Item 4 f)  Any other material change in the issuer's business or corporate
 structure including but not limited to, if the issuer is a registered 
closed-end investment company, any plans or proposals to make any changes 
in its investment policy for which a vote is required by section 13 of 
the Investment Company Act of 1940;

Item 4 g)  Changes in the issuer's charter, bylaws or instruments 
corresponding thereto or other actions which may impede the acquisition 
of control of the issuer by any person;

Item 4 h)  Causing a class of securities of the issuer to be delisted from 
a national securities exchange or to cease to be authorized to be quoted in 
an inter-dealer quotation system of a registered national securities
 association;

Item 4 i)  A class of equity securities of the issuer becoming eligible for
 termination of registration pursuant to Section 12(g)(4) of the Act; or

Item 4 j)  Any action similar to any of those enumerated above.

Item 5.Interest in Securities of the Issuer
Item 5 a)  As of the date of this Statement, the Purchaser beneficially 
owned an aggregate of 517,090 shares of Common Stock, 500,000 shares of
Convertible Preferred Stock, Series A and 710,687 Common 
Stock Purchase Warrants which are currently exercisable. Each share of 
Series A Convertible Preferred Stock is convertible into two shares of
Common Stock. Such shares of Common Stock, Convertible Preferred Stock,
Series A and Common Stock Purchase Warrants represent 16.4% of the 
outstanding Common Stock of the Company, on an as converted basis, based 
upon 10,532,471 shares of Common Stock outstanding as of December 17, 1997.

Item 5 b)  The Purchaser has sole power to vote or direct the vote and 
sole power to dispose or direct the disposition of 517,090 shares of 
Common Stock, 500,00 shares of Convertible Preferred Stock, Series A
and 710,687 Common Stock Purchase Warrants that are owned.

Item 5 c)  On December 8, 1997 the Purchaser received 71,429 Common Stock 
Purchase warrants from the Company.  This Warrant issuance was a condition
of a transaction with the Company completed on a date prior to the 60 days.
As a result of the transaction described in Item 3 above, the number of 
warrants which were received on December 8, 1997 has been increased to 
196,430 with an exercise price of $.50 per share.

Item 5 d)  N/A

Item 5 e)  N/A

Item 6.  Contracts, Arrangements, Understandings or Relationship with
Respect to Securities of the Issuer.    None.

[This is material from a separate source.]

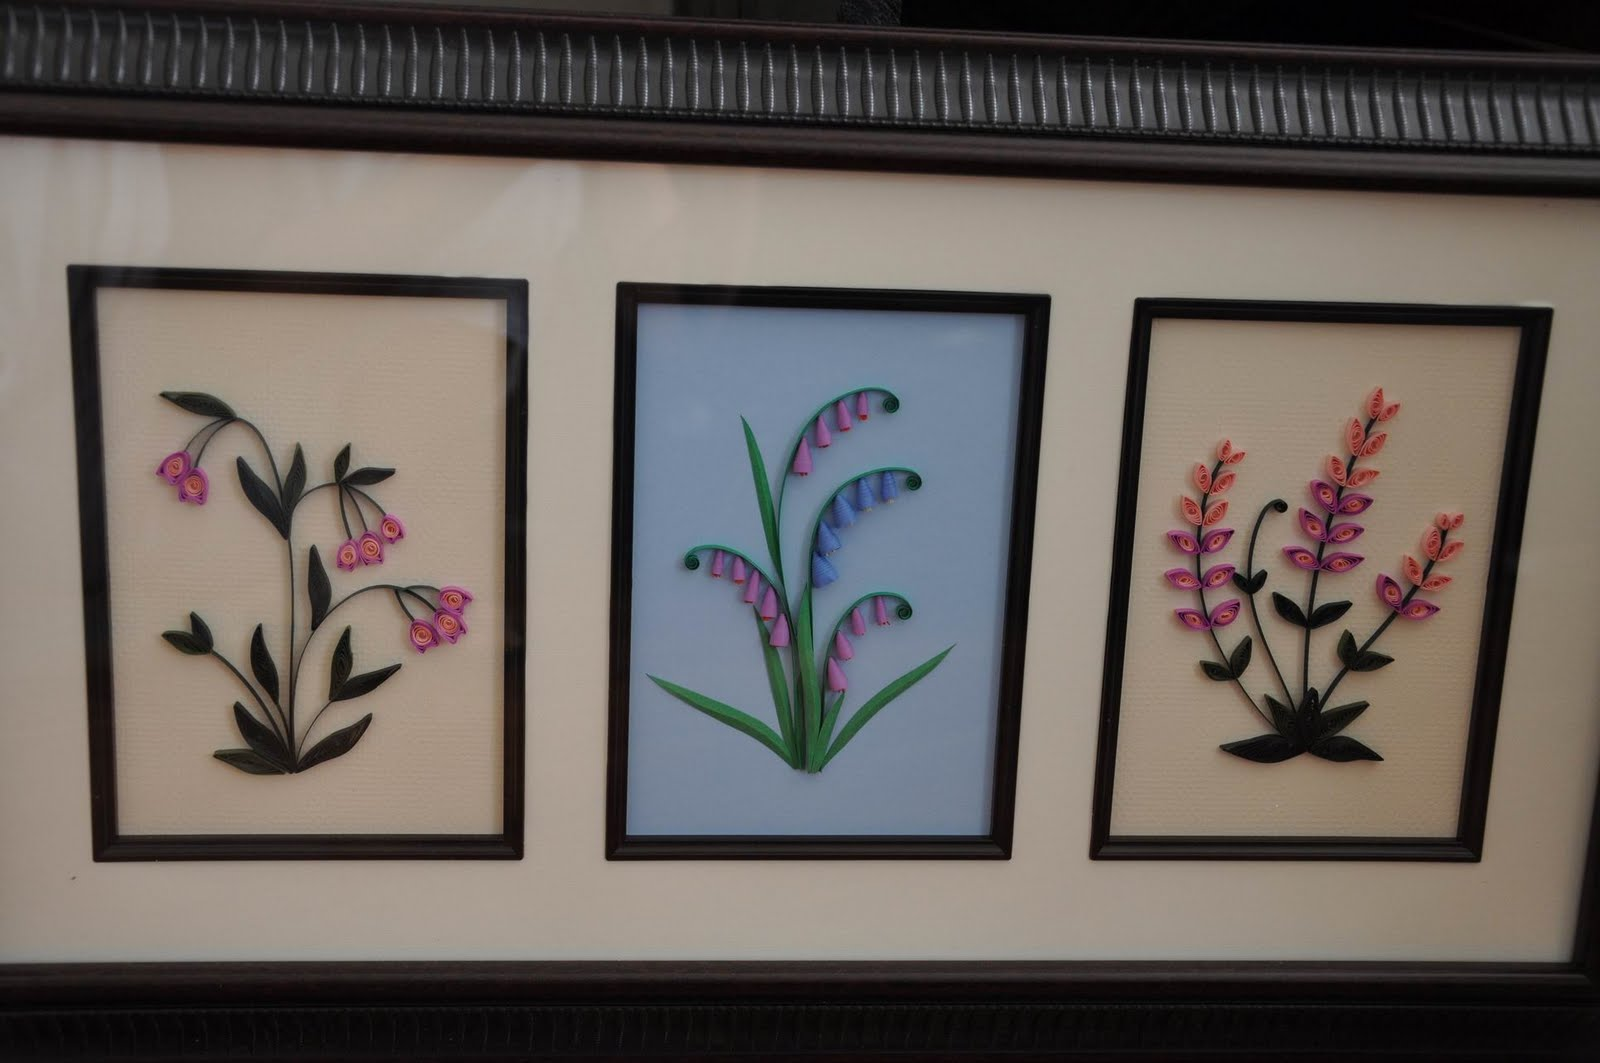 Paper Quilling Frame Designs - Creative Art & Craft Work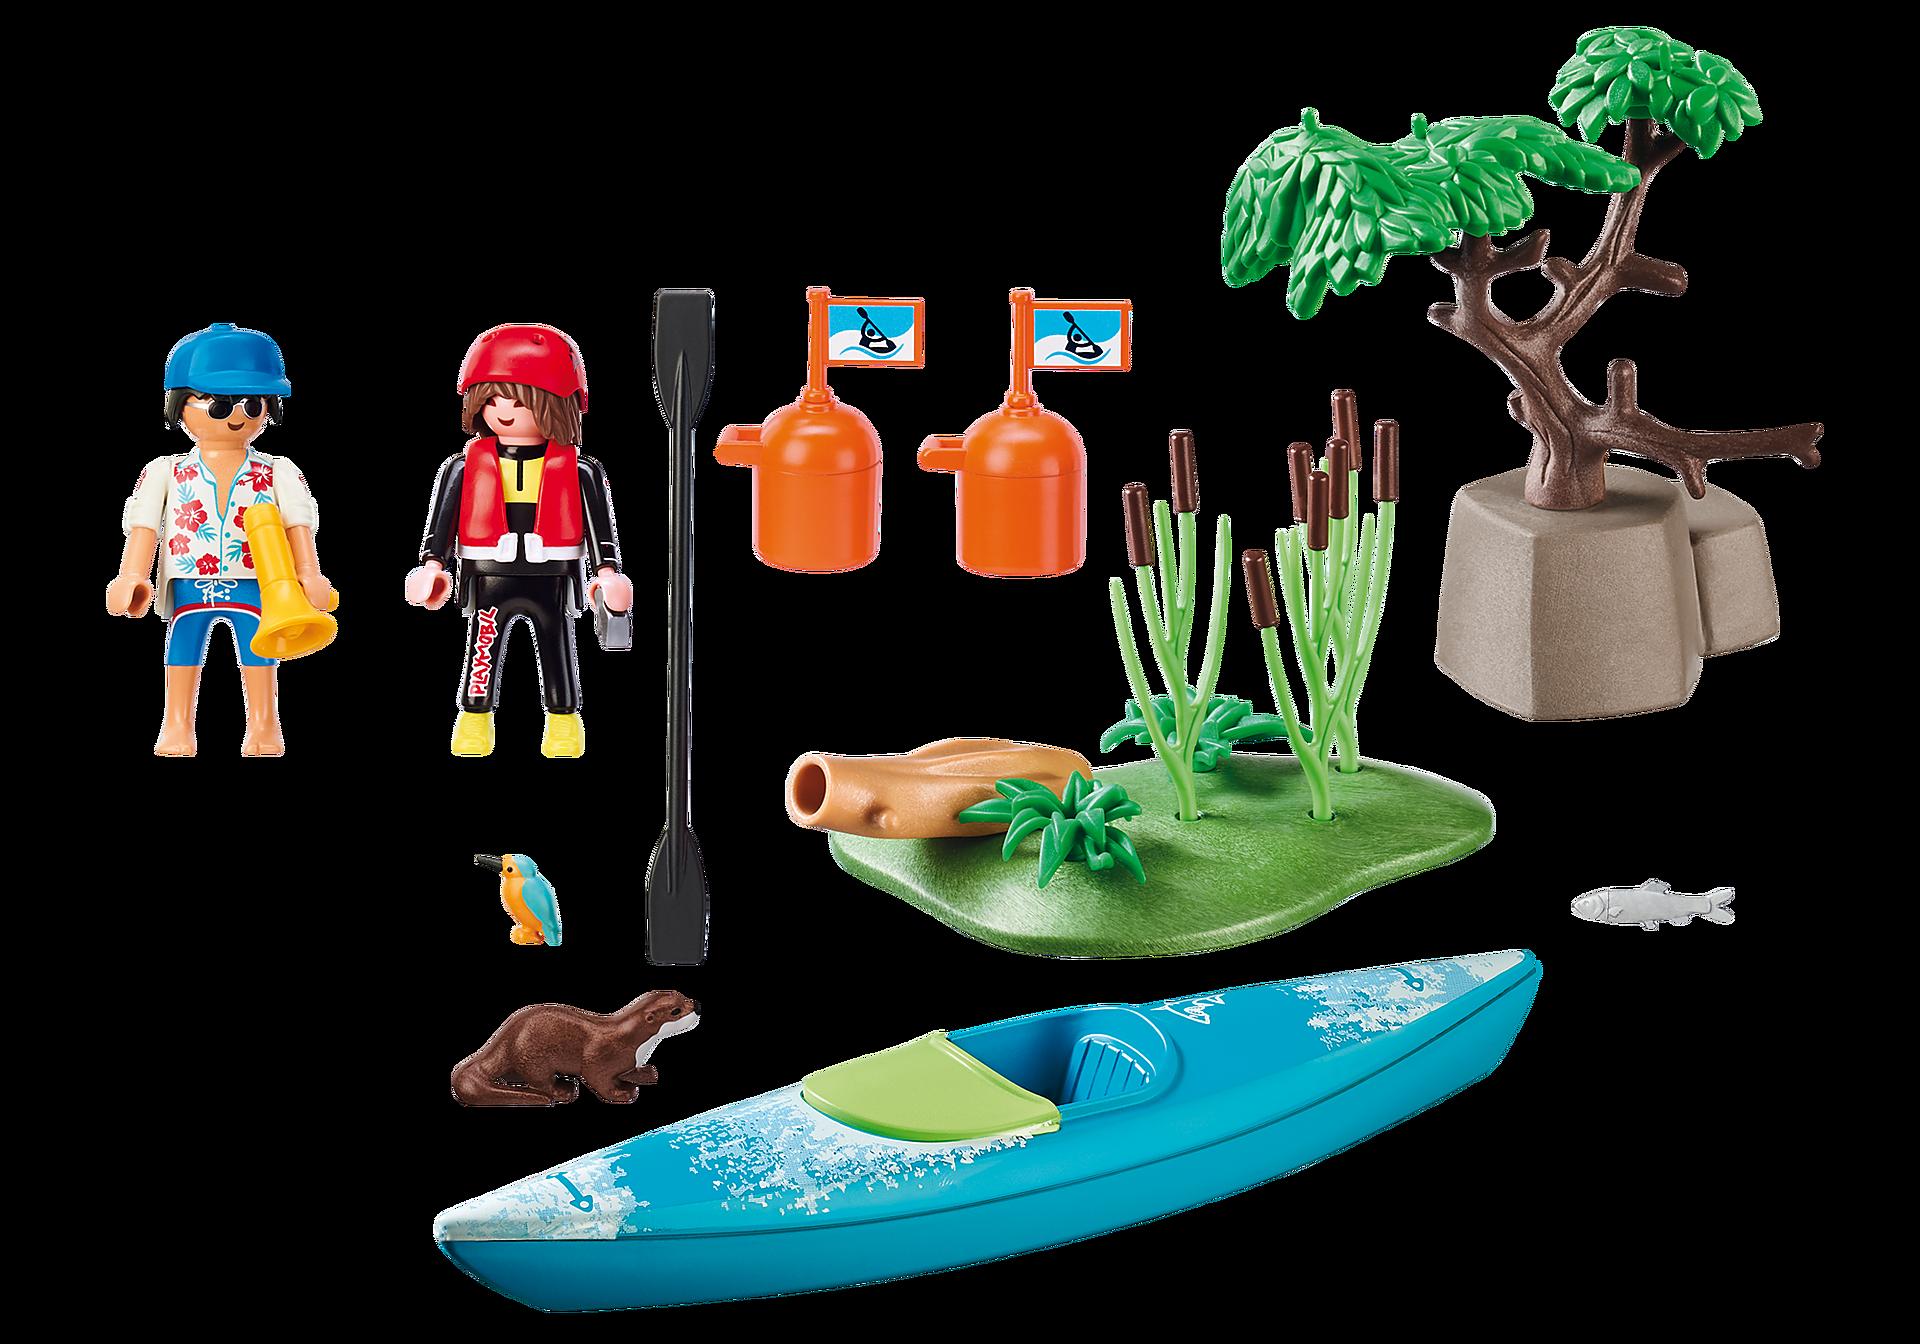 70035 StarterPack Sportifs et kayak zoom image3

Item 7.  Material to be Filed as Exhibits:  None

SIGNATURES
After reasonable inquiry and to the best of my knowledge and belief, the
undersigned certifies that the information set forth in this Statement is
true, complete and correct.

Date:  January 8, 1998


/s/ James A. Gordon
- ----------------------
James A. Gordon 
President of Gordon Management, Inc.